• **Dataset records**
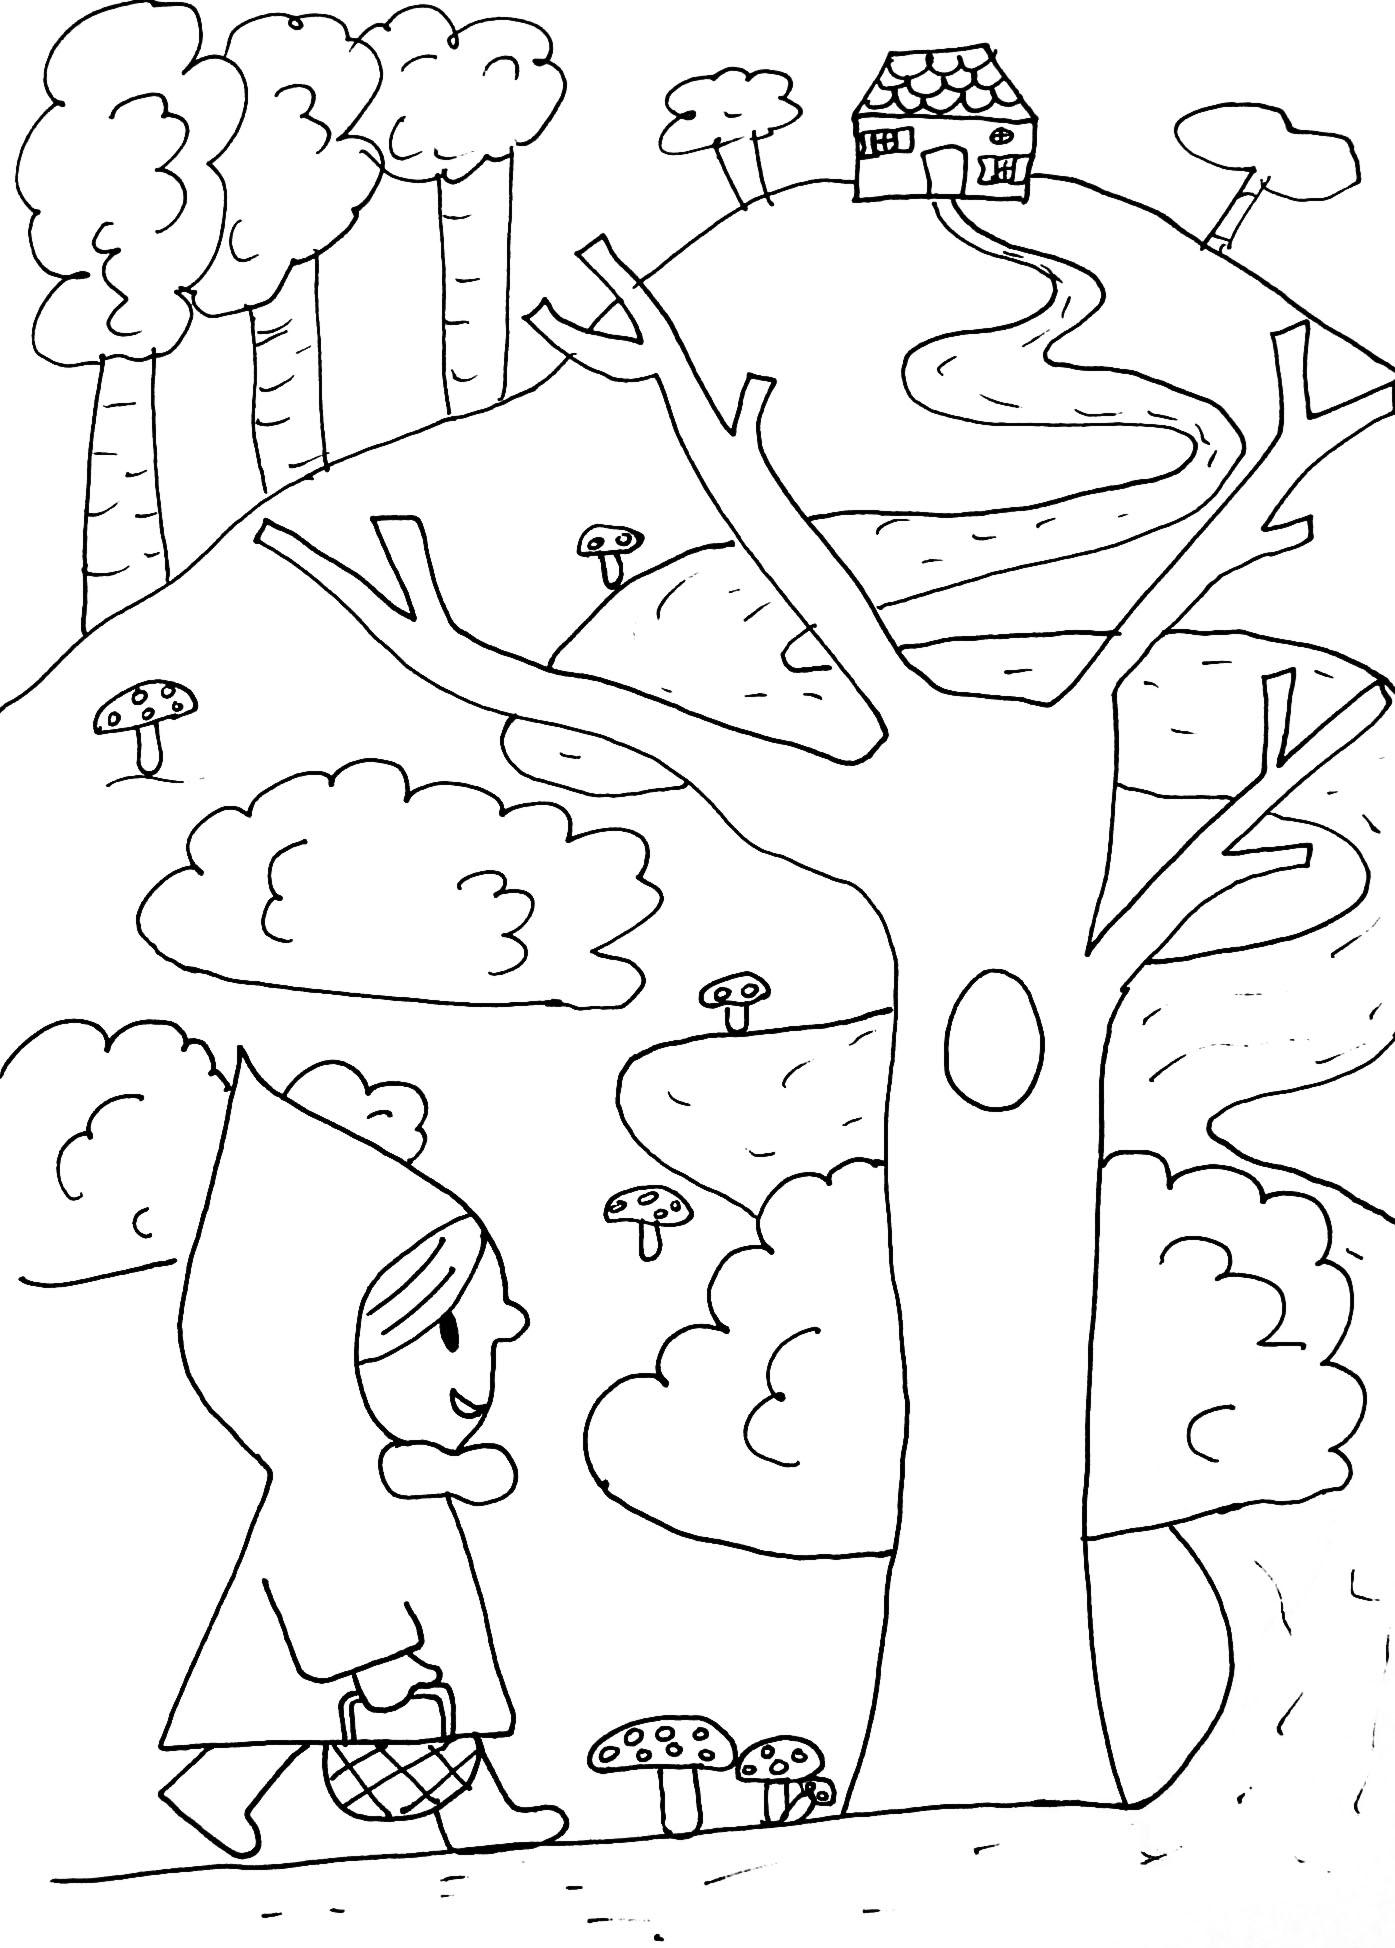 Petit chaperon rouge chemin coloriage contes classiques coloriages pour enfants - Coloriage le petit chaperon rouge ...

---

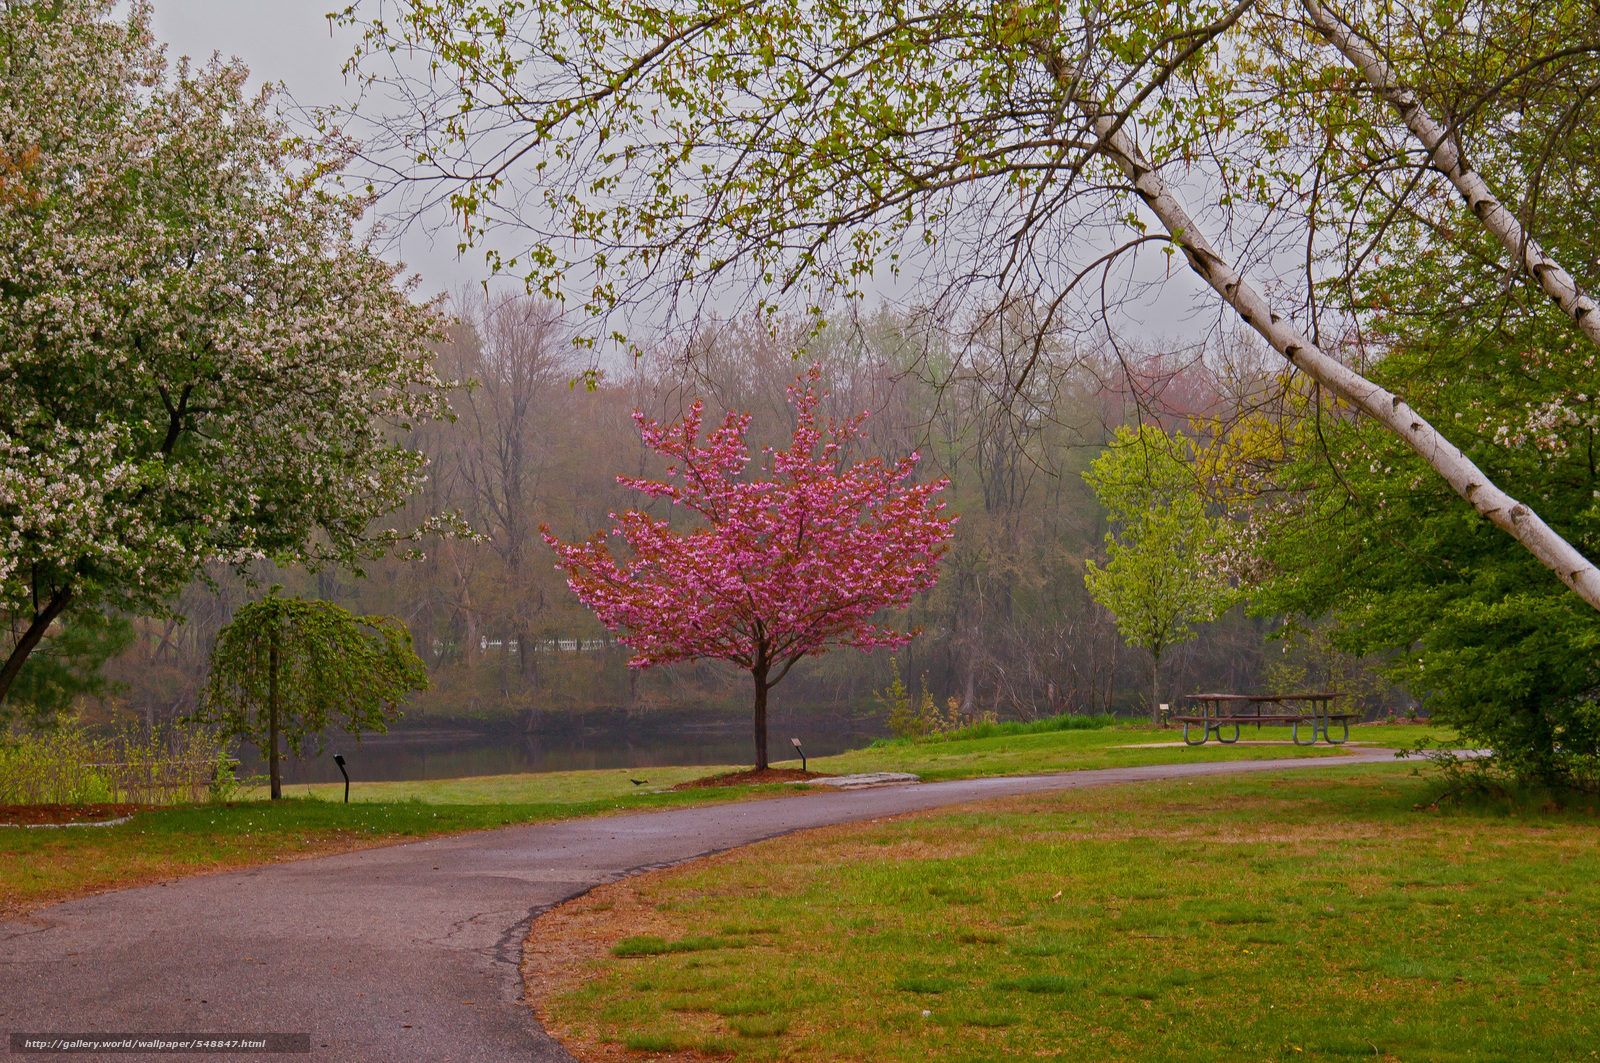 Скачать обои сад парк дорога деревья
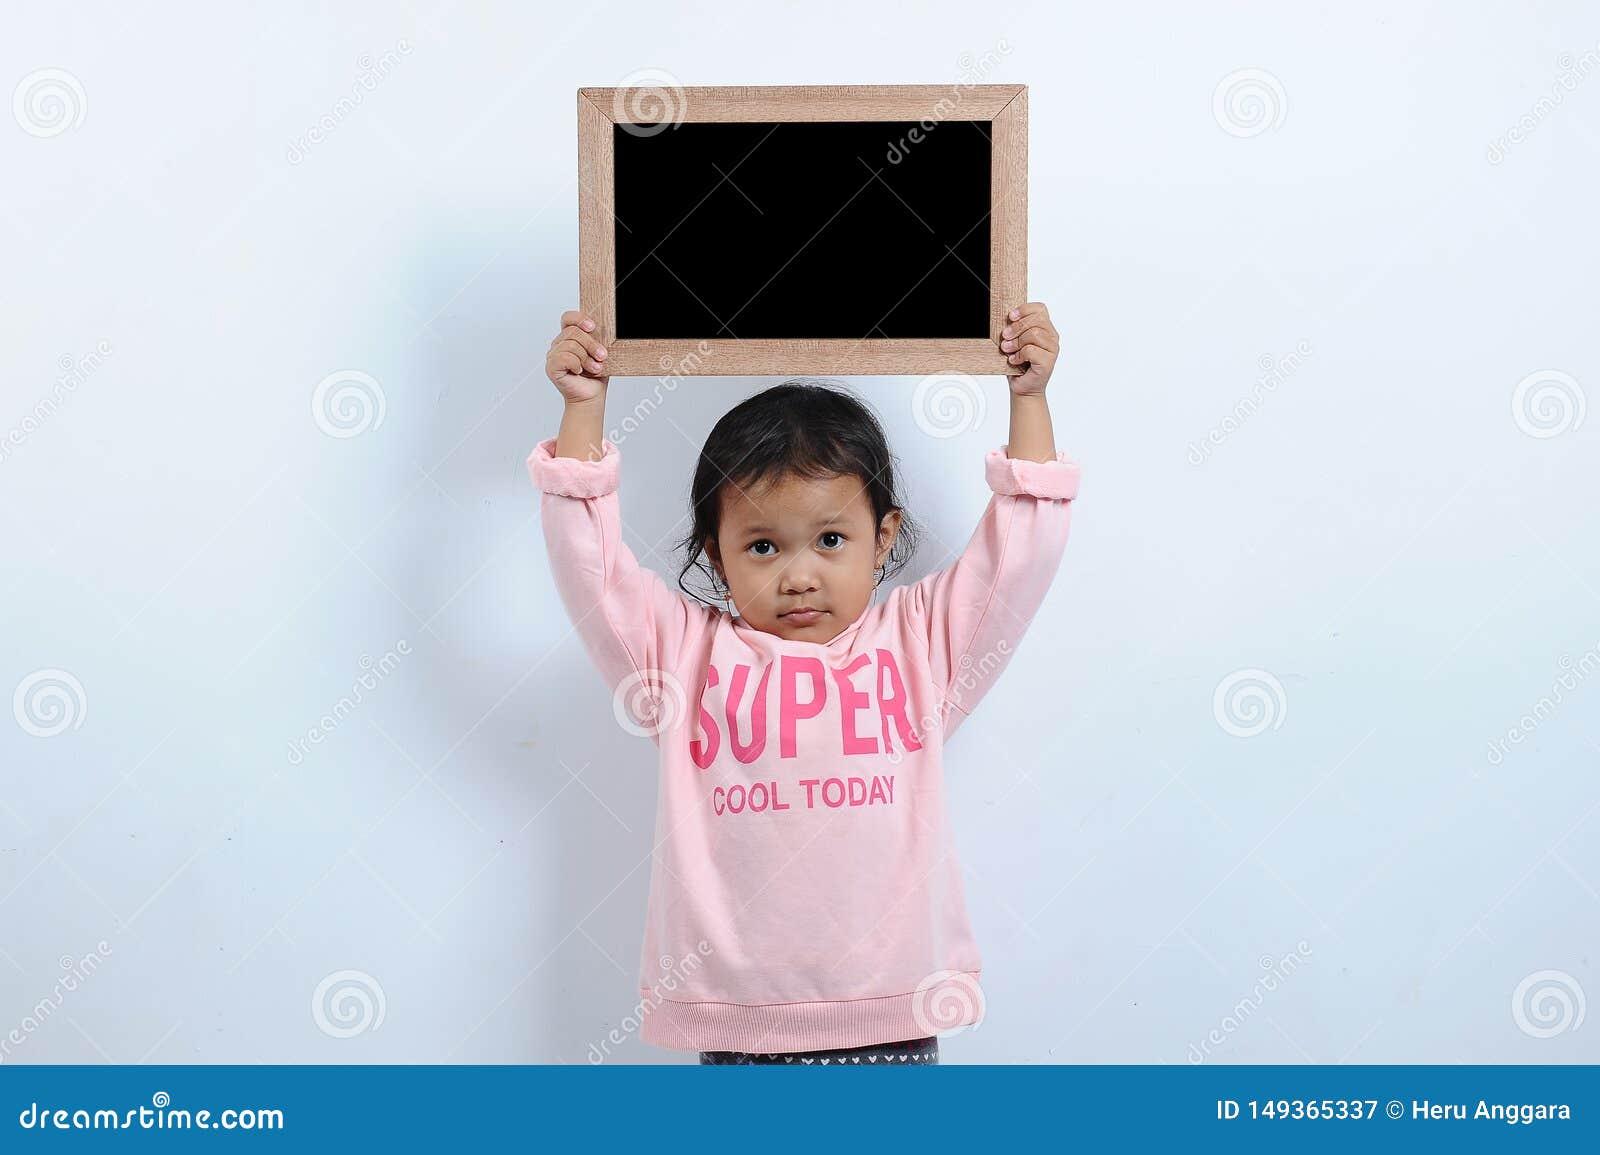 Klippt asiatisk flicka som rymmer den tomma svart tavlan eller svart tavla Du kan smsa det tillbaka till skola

...

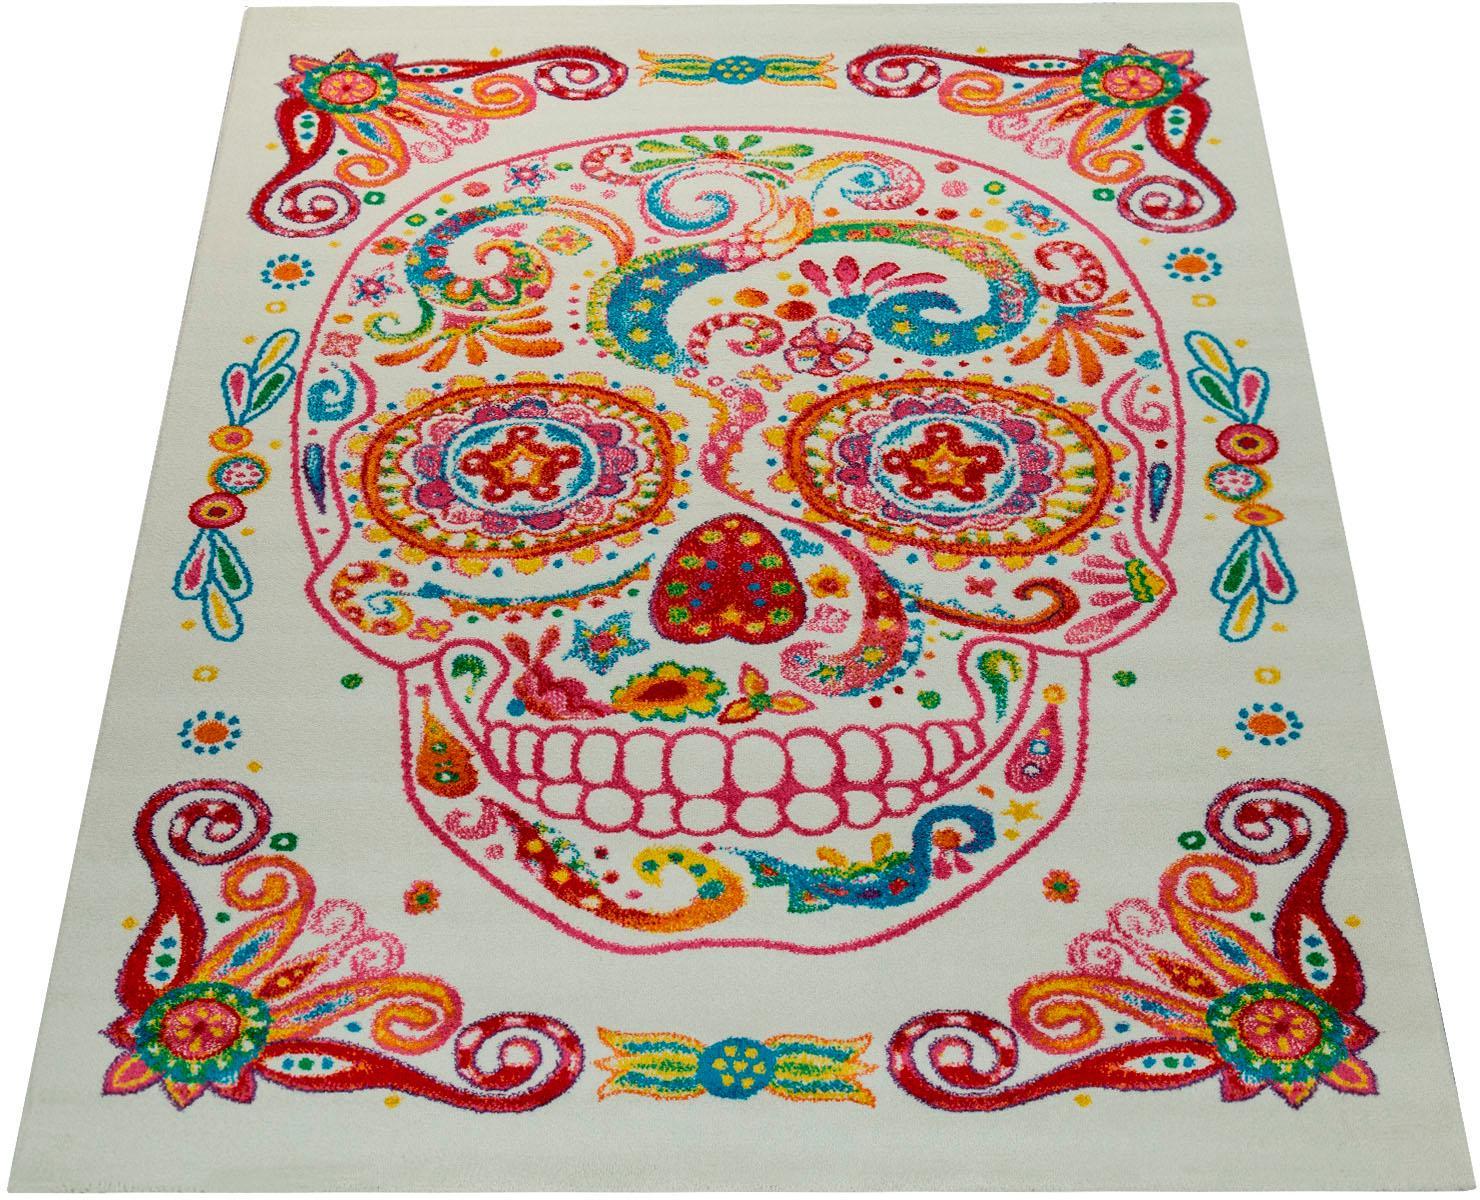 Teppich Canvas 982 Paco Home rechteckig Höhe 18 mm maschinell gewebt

• **How to complete this task**
Copy only the lines above from the one containing "Скачать обои сад парк дорога деревья" through the one containing "Klippt asiatisk flicka", both included. Leave out the pictures.

• **Answer area**
 Скачать обои сад парк дорога деревья
 Klippt asiatisk flicka som rymmer den tomma svart tavlan eller svart tavla Du kan smsa det tillbaka till skola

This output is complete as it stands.